We were talking about JavaScript, remember?



First, no rescue is needed. I said that not tracking complexity is a matter of choice, and you mistakenly thought it amounts to deciding halting; I pointed out the well-known fact that it isn't. Second, you don't need a non-Turing-complete language in order to track computational complexity in the type system, just as you don't need a language that cannot perform IO in order to track IO in the type system.

As to JavaScript, there are much more commonplace things that it doesn't track in the type system, either, and they're all a matter of choice. There is no theory that says what should or shouldn't be tracked, and no definitive empirical results that can settle all those questions, either. At the end of the day, what you choose to track is a matter of preference.

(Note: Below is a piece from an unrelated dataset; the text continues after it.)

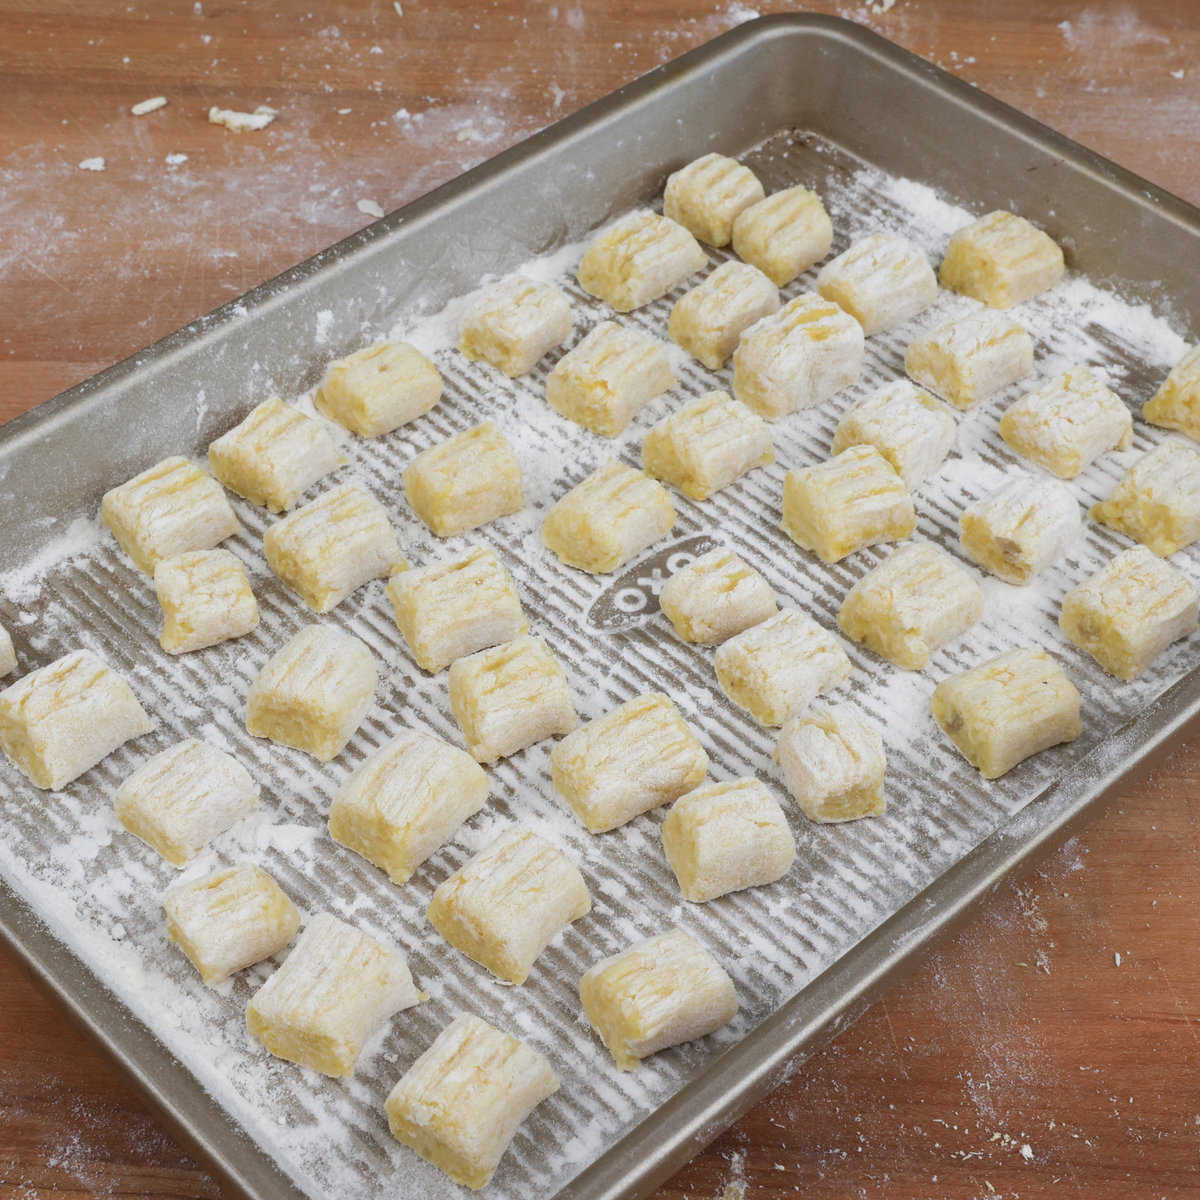 a rimmed baking sheet filled with uncooked potato gnocchi lightly dusted with flour.

> I said that not tracking complexity is a matter of choice, and you mistakenly thought it amounts to deciding halting

And you implicitly acknowledged this fact by using TPL as example: you know, the class of language where all you can write is a provably halting program (that's the definition of Total programming languages!).

The halting problem being a property of Turing-complete languages, you just sidestepped the issue here.


You can track complexity in Turing complete languages, just as you can track effects; neither should bother you more than the other. While doing either precisely amounts to deciding halting, the way it is done in programming languages does not (when we track effects the type system does not tell us an effect will occur, only that it may; similarly for complexity -- we track the worst-case complexity of a given term, which, for Turing complete languages, can be infinite for some terms, but certainly not all).